My children were there. My husband was there. My nieces, nephews, brother, sister-in-law and brother-in-law were there. However, I was not actually in attendance at the 2011 White House Easter Egg Roll.
Please allow me to explain. My father has always been a little magical. He makes seemingly impossible things happen. For instance, he called me last Thursday to "let me know" that he had gotten tickets for all seven of his grandchildren to attend the event in question. He had also scored four tickets for adults to accompany them. At this point, I had assumed that I was one of those adults.
However, I then read online that Jacques Pepin, the French chef, cookbook author, and friend to Julia Child would be there. My husband has exactly two heroes in this world and Monsieur Pepin is one of them. For the sake of brevity, let's just assume that I am the other.

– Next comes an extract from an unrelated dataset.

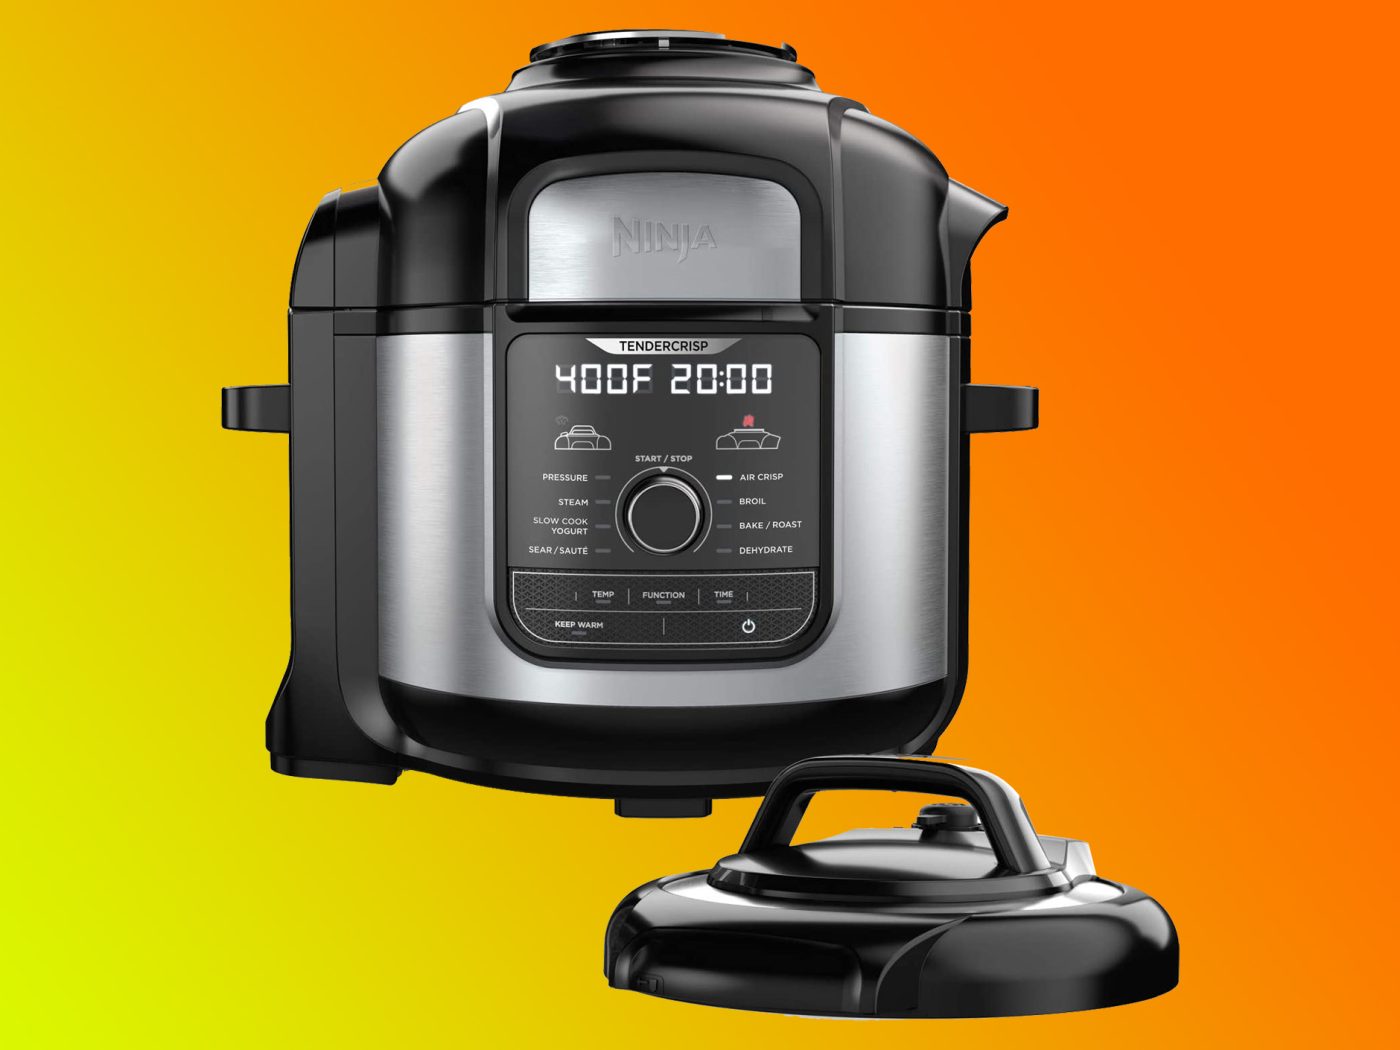  Ninja OS301 Foodi 10-in-1 Pressure Cooker and Air
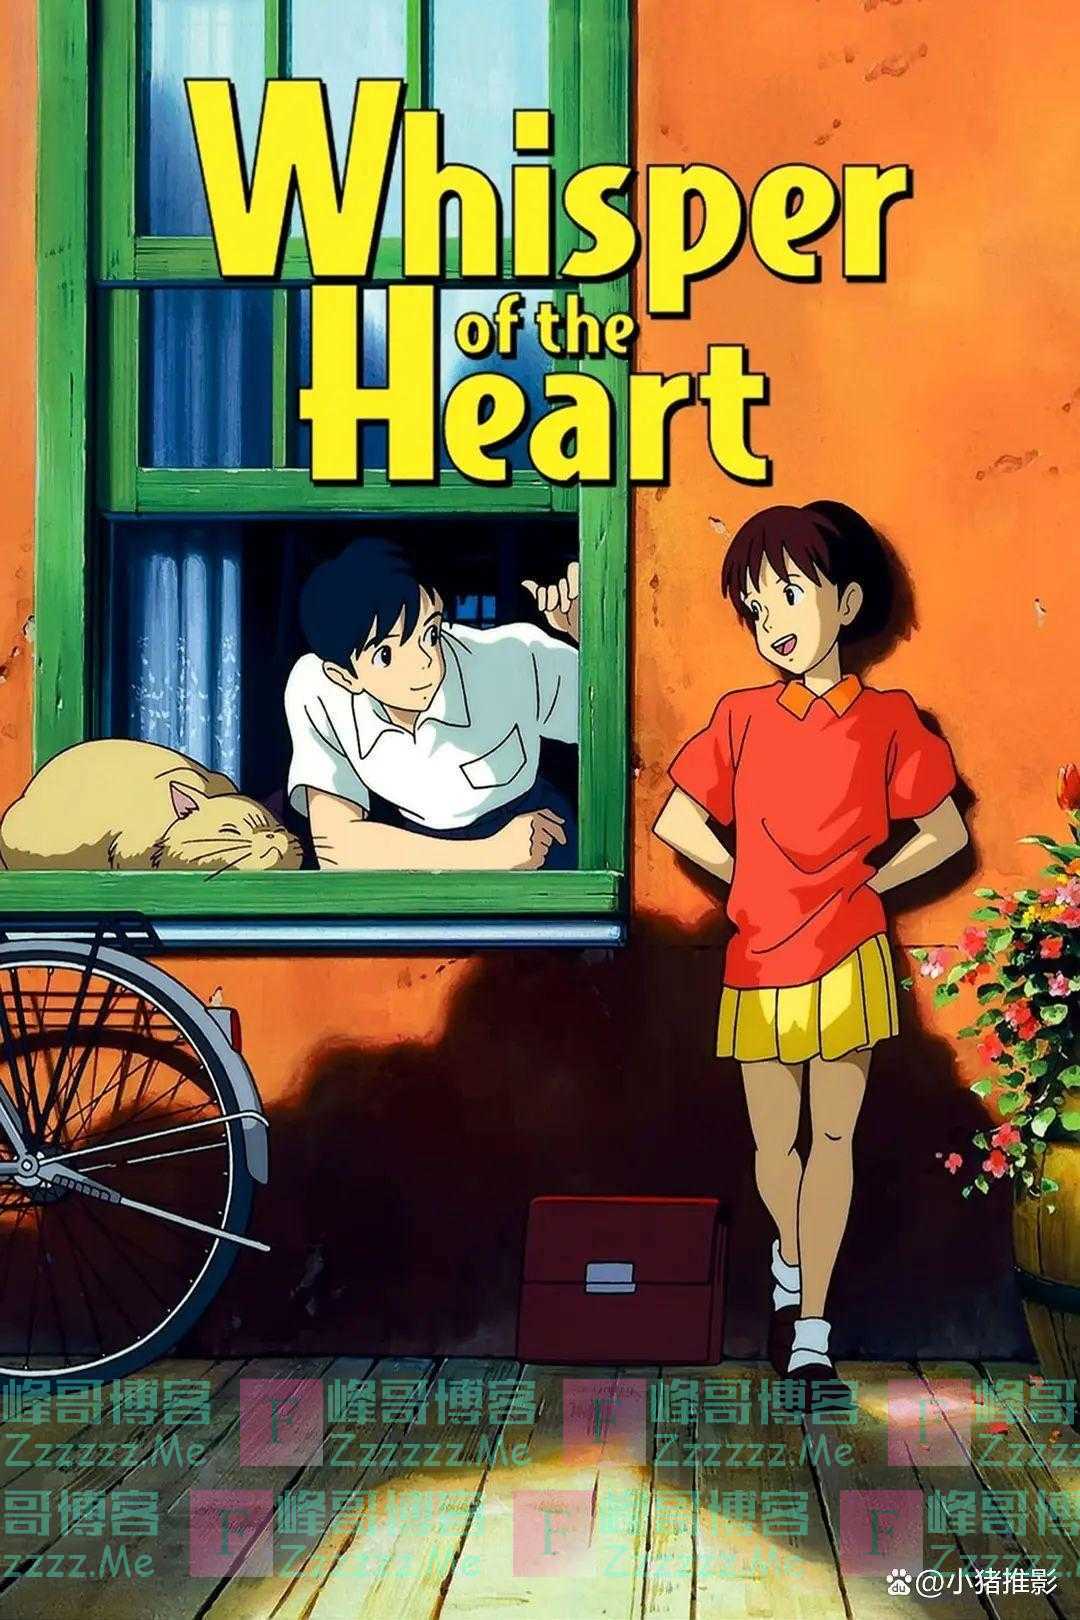 宫崎骏最值得观看的十部动画电影，哪一部是你心目中的No.1?

Anyway, I relinquished my ticket to Lance and put him on the Metro with our children and spent most of the next six hours awaiting the detailed descriptions of what I hoped would be a truly memorable day for all four of them.
Each returned with a story that indicated that they had attended four different events. Welcome to the Reston version of Roshomon.
Youngest child Poe thought the Metro was a lot of fun and that the frozen yogurt shop they visited afterwards had really big portions. Also, seeing Colbie Caillat in person had the same impact on her that some people have experienced from a visit to Lourdes. There were delicious candies known as , and she ate some but brought a few home for Mom. Most importanly, while they were waiting in line to get through the gate a giant chinchilla danced around for them but then he left by ambulance (More on that later).
Older sister Scout wants to sell the souvenir wooden egg she received on eBay (not happening). She saw Carla Hall from Top Chef and drank three bottles of Powerade Zero ("Mom, we totally have to get some. It's so good!") Seeing Willow Smith and her incredible whipping hair was an impossibility but she was gracious enough to accompany baby Poe to watch the infinitely inferior Caillat (who sings beautifully, plays guitar, and writes her own songs but does not put her hair in motion).
Some lame dude in a chinchilla suit was dancing around in the heat to a rap about Soccer Moms and gave himself heat stroke. It was very hot and she did not meet the President, the First Lady or their children, which means the experience has been deemed "a fail."
My son met a Harlem Globetrotter and a "tennis lady" (that would be the sporty goddess of my youth, the former Chris Evert). He found The White House itself to be smaller than he expected but just exactly as white. He tried on a beekeeping helmet but could not explain why. He wished the souvenir egg was made of chocolate. He hoped that the poor man who was wearing the costume that said "#1 Chinchilla" would be okay because it was very hot and he fainted and had to be taken away by ambulance.
Lance shook Jacques Pepin's hand and learned a quesadilla recipe from a Top Chef. He was impressed by the orderliness of the process and appreciated the ample supply of water on hand. However, it is too bad that the chinchilla, whose job it was to entertain people while they stood in line to enter the South Lawn, had to wear such a furry costume on such a hot day. It looked like he might have been overcome and had to be taken away by ambulance. Lance enjoyed hanging out with his children but regrets buying them huge frozen yogurts after the event because the portions were huge.
Apparently, the thread that connects these stories is the chinchilla. While all four of these accounts include this detail, it is remarkable how all national and international media outlets which covered the event overlooked the medical emergency resulting from the efforts of a man in a rodent costume to bring joy and distraction to families waiting to participate in one of the most famous public outreach projects hosted by the White House.
So, my family went to the 2011 White House Easter Egg Roll and did not roll eggs, meet the Leader of the Western World, or see any hair whipped. However, if you need witnesses to the chinchilla thing, I've got four people you need to meet.